Just last month the advertiser sent two models to stand on the red carpet at Billboard’s Women in Music Event. It has been sponsoring backstage lounges at the likes of New York Fashion Week as far back as 2012,

At last year’s Golden Globes, the brand even partnered with the American Film Institute’s Directing Workshop for Women. Each time a celebrity posed on the red carpet with one of its signature bottles it donated $1,000 to the cause with the aim of raising $100,000.

Alluding to the Fiji's tagline Chia explained: “When we’re on the red carpet, our goal is to hydrate celebrities with ‘Earth’s Finest Water’ and garner as much exposure as possible.”
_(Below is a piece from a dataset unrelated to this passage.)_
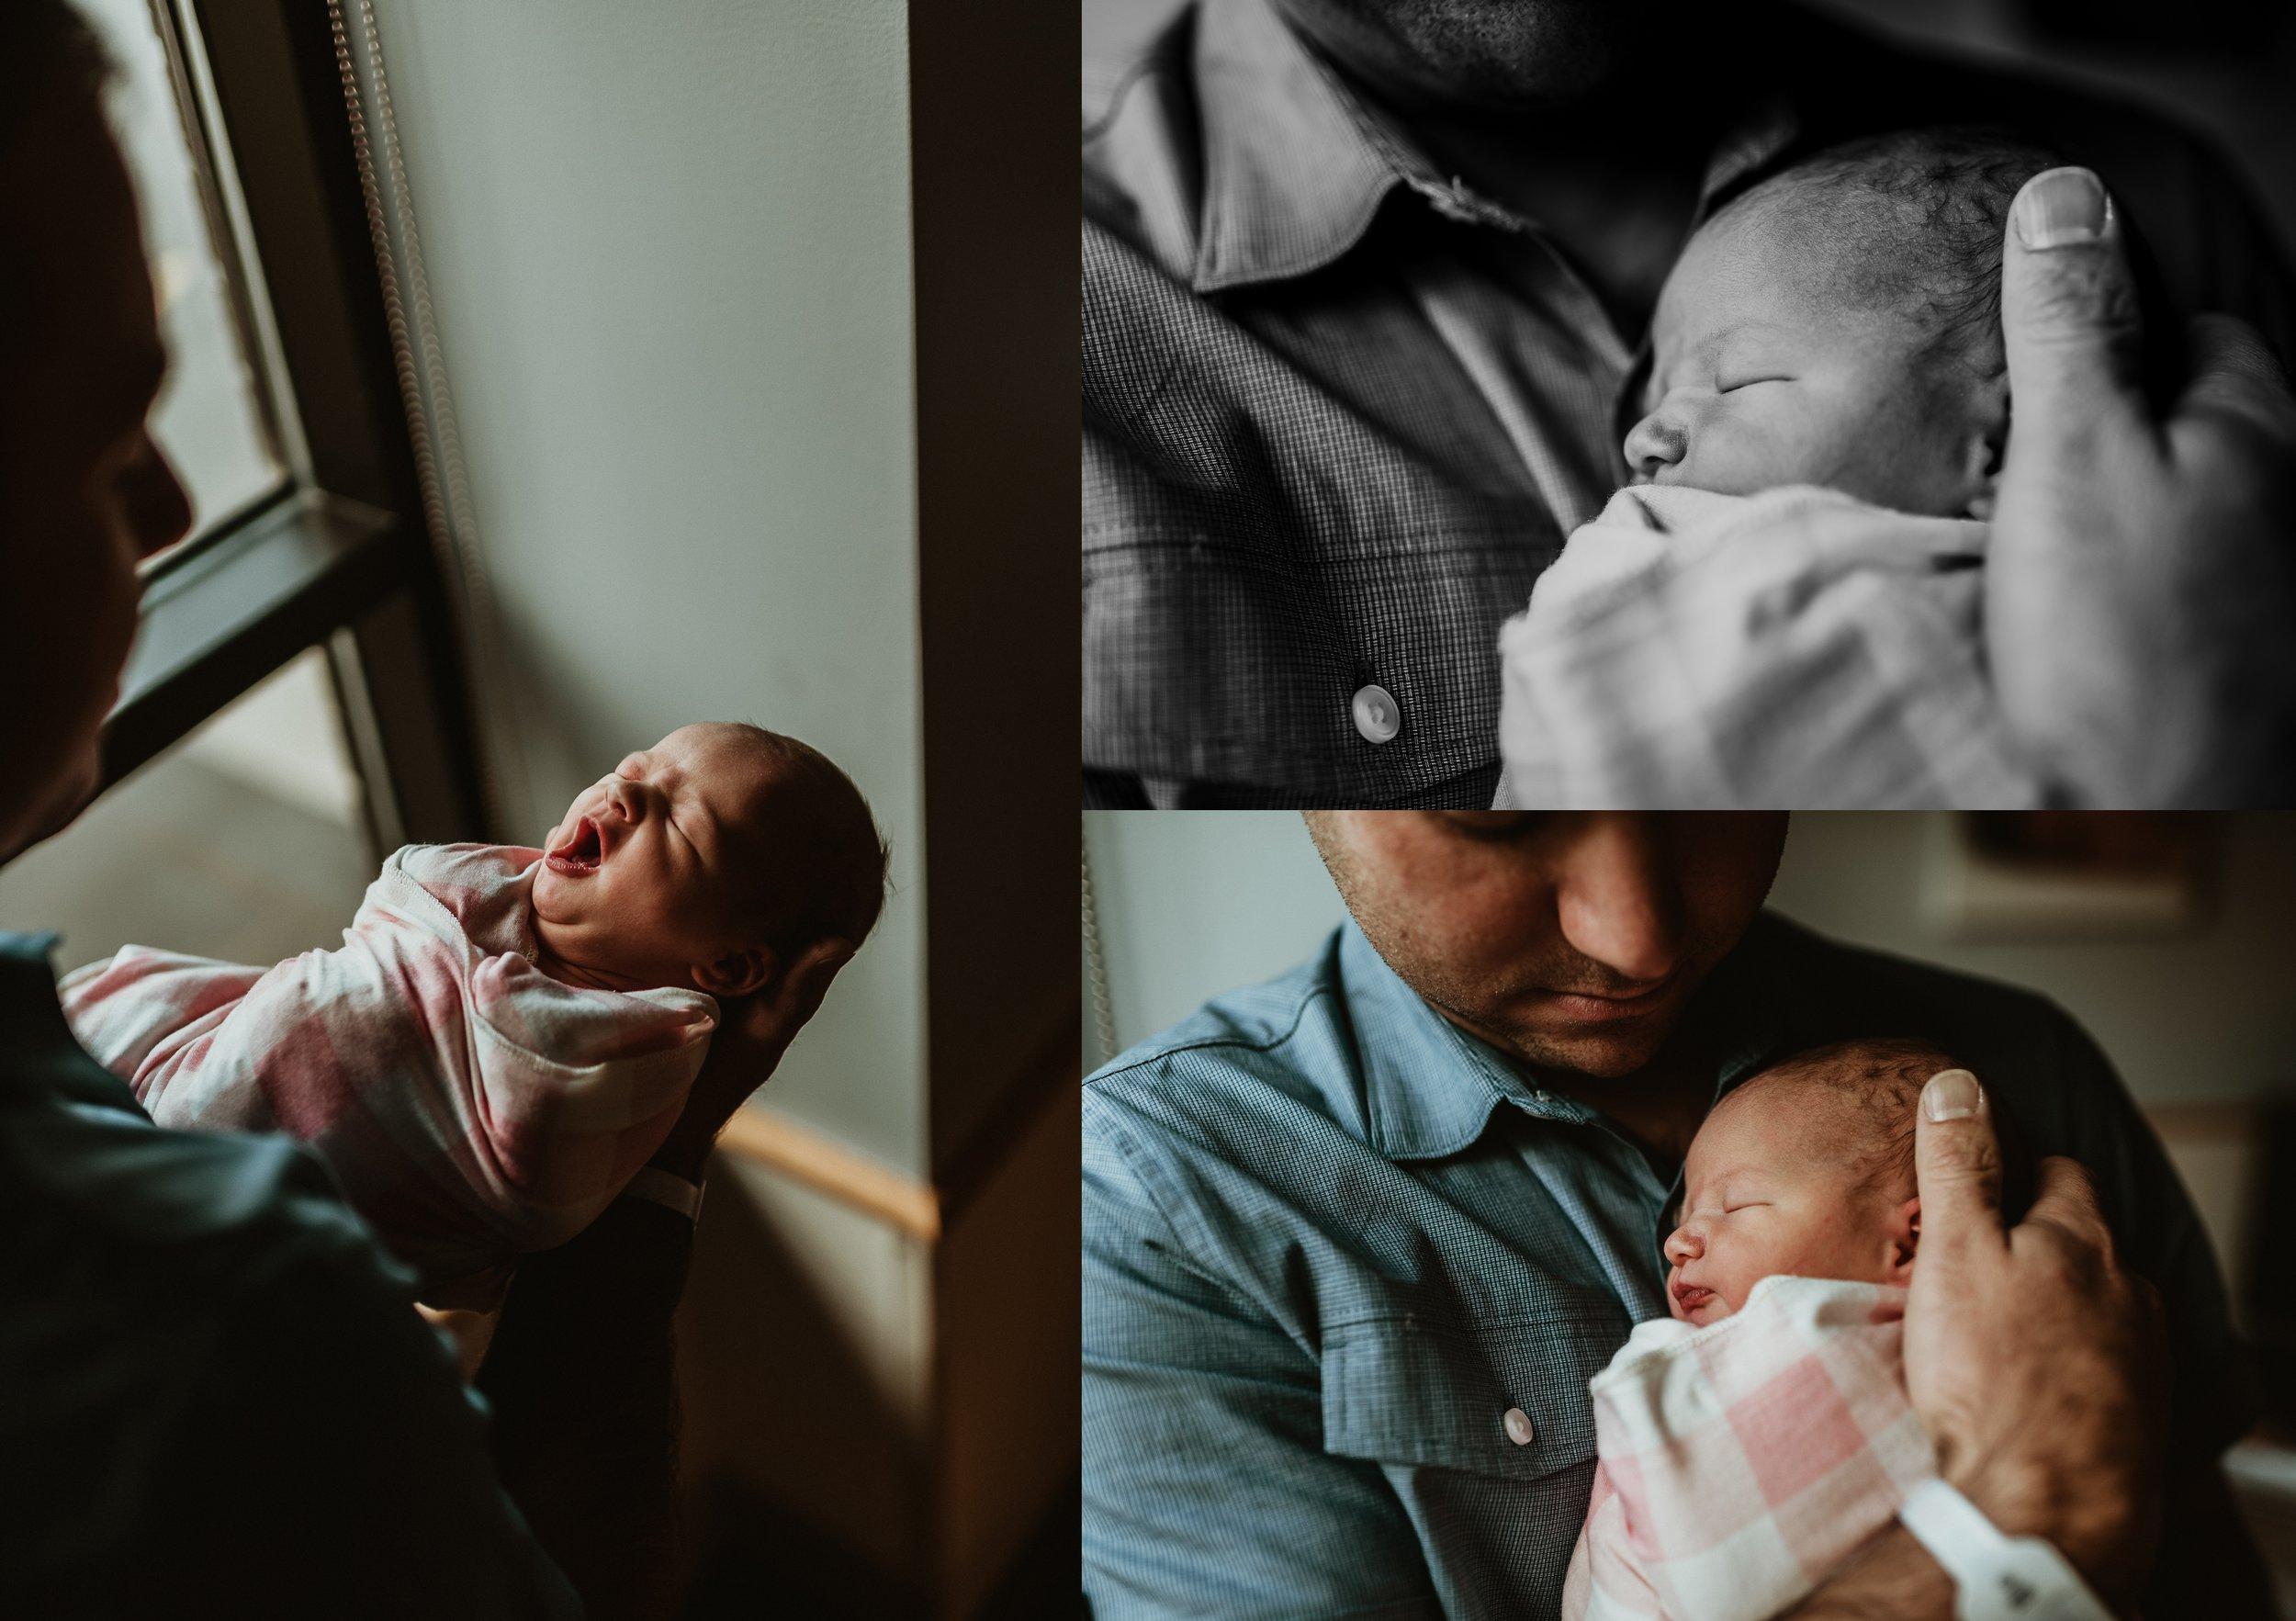 Fresh 48 Session   Terry Farms Photography   Newborn Photo   Hospital Newborn Photography   Documentary Photography   Toledo, Ohio

The strategy behind placing Cuthbert on the red carpet on Sunday wasn’t really any different, said the marketer: “At this year’s Golden Globes, our objective was the same, but with such compelling photos, the social media world took notice and ran with it.”

'We did have our own photographer'

It wasn't just a stroke of luck though: Fiji did hire a professional photographer to snap the images that wound up spawning the thousands of Water Girl memes. A closer look at the pictures being circulated will reveal most are credited to ‘Getty Images for Fiji Water’ or similar.

“Fiji Water does have our own photographer, but we don’t specifically tell our brand ambassadors to look at the camera, we just tell them to be themselves,” admitted Chia, adding: “[Cuthbert] is such a natural in front of the camera, the photos took off.”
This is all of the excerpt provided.